Dr Soumitra Pathare, director of the Centre of Mental Health Law and Policy said that the government must begin to look at itself as an enabler to do what exactly should have been done in terms of mental health care. He said, “As a poor country, we cannot afford to not focus on promotion and prevention. The government needs to build a policy framework, where self-care, prevention, and informal care are a major part so that we do not have the need to access the most expensive treatments.”
Dr Pathare pointed out that mental healthcare needed its own range of service providers. He said, “We need a range of mental health service providers, not just psychiatrists and psychologists- which we haven’t managed to achieve so far. We need structures or frameworks where different mental health professionals can be trained and regulated.”
While the public healthcare system is overburdened and the overall spending has not been enough, the private health sector has successfully created a monopoly in the healthcare sector. Emphasising how the unaffordability gap can be filled, Dr Samir Parik, director of the Department of mental Health and Behavioural Sciences at Fortis Healthcare, said, “In order to bridge the unaffordability gap, all providers of healthcare whether government or private, should figure a way out, for example, utilising available resources like telemedicine- it is a great equaliser which reduces cost, and improves outreach at a significant level.” We also need primary intervention helplines, and school-level mental health education to bridge this gap, he added.
NGOs strengthening the dilapidated mental health structure
Mostly in urban spaces, but several NGOs have curated modules of psycho-social rehabilitation (PSR), where a spectrum of activities are included such as individual and group counselling, vocational rehabilitation and livelihood skills training, cognitive retraining, family support and counselling, self-help groups, recreation and leisure activities.
“Historically and largely NGOs have played a significant role as implementers. They have addressed issues of access, wherever the government did not have physical presence to provide a facility. From addressing access to now acknowledging the need of policy making, awareness and advocacy, NGOs have reached and are catering to every need remarkably. As NGOs work with fixed agendas, now the government is also reaching out to NGOs for a third point of view in policy-making and for better implementation,” said Dr Preeti Kumar, vice president of the Public Health Foundation of India.
Reena Nath, a New Delhi-based systemic therapist, who was associated with Sanjeevani Society for Mental Health for 17 years said that Sanjeevani was one of the first walk-in crisis intervention centres and “that could have happened only in New Delhi in those years.”
Sanjeevani still exists as a place for those who cannot afford private mental health care which is very expensive.
“It created a safe environment where people were ‘self-referred’, they heard about the centre and they decided to walk in fighting the ‘South Delhi stigma’ around mental health. India needs more crisis centres like Sanjeevani to strengthen the overall infrastructure,” Nath said.
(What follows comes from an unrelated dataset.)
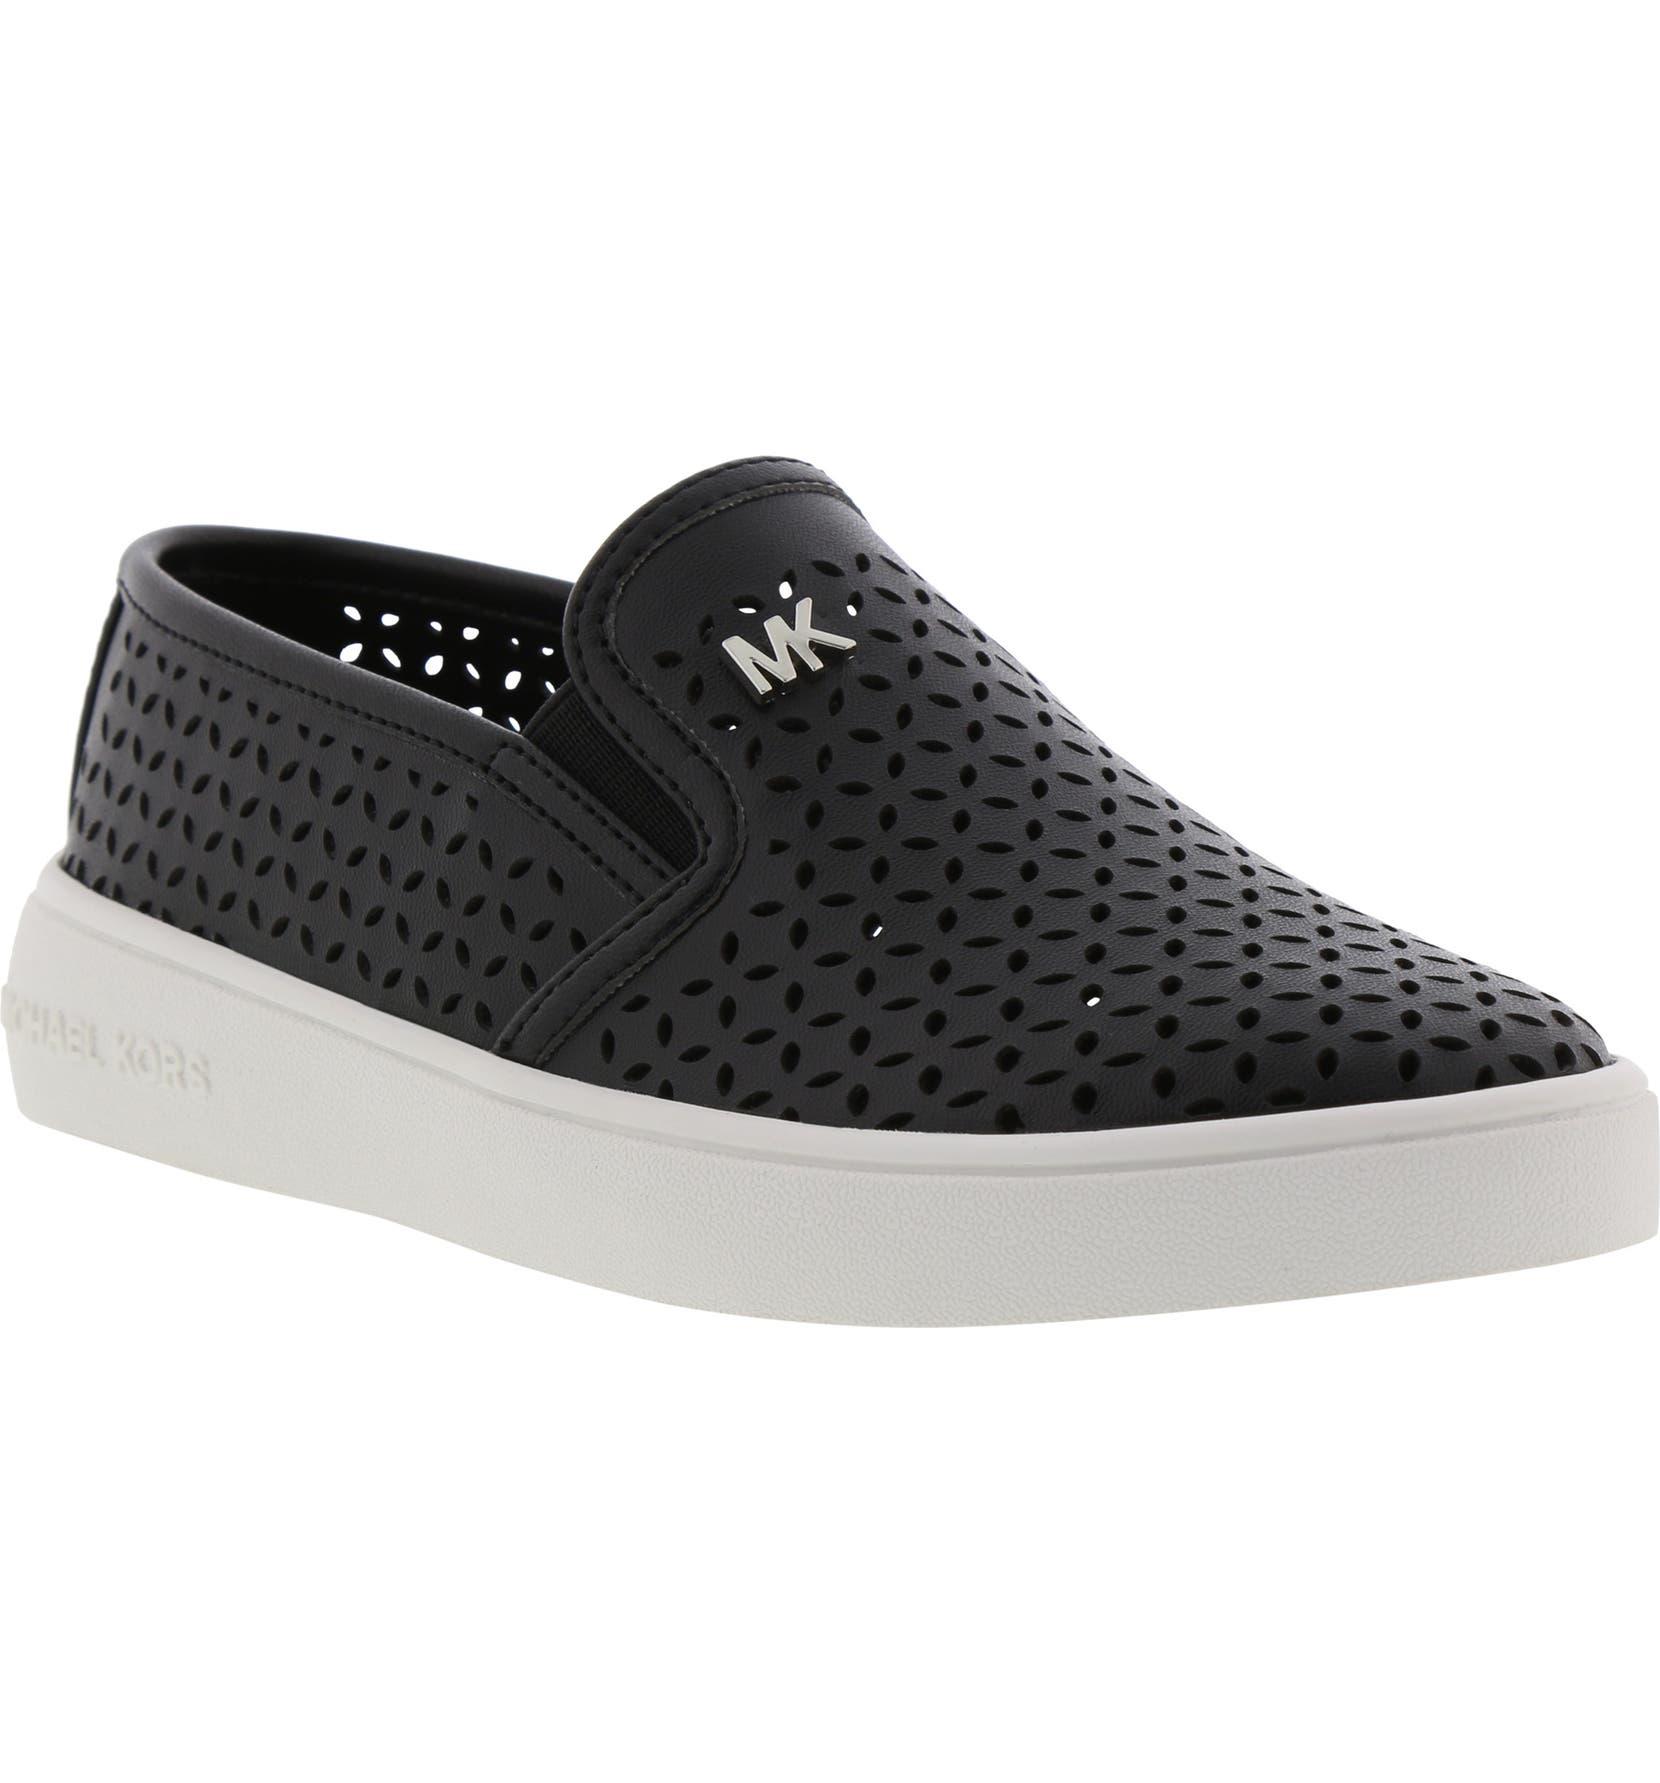 611c049d MICHAEL Michael Kors Jem Olivia Perforated Slip-On Sneaker (Walker,  Toddler, Little Kid & Big Kid) | Nordstrom
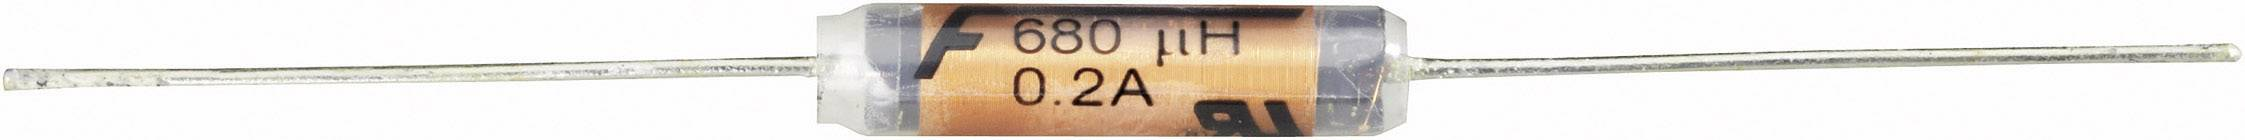 Cívka Fastron MESC-471M-01, 470 µH, 0,3 A, 10 %, MESC-471, ferit

Reportedly, NGOs working with severe mental health disorders like schizophrenia often focus both on symptom controlling during the acute phase of illness and also on rehabilitation of the patient. One such example of such Chennai-based NGO is Schizophrenia Research Foundation (SCARF). It was set up to focus on a holistic approach. In case of severe mental disorders, NGOs ensure that patients are being provided vocational training in skilled professions such as carpentry and printing, social skills training and family therapy, so that patients lead a normal life.
Talking about the equal quality of care available in both private and social sector, 27-year-old software engineer Ankita, who has opted for both private therapy sessions and is also a part of a social mental health support group, said, “we all are dealing with something and accessing treatment should be a priority so that it doesn’t worsen.”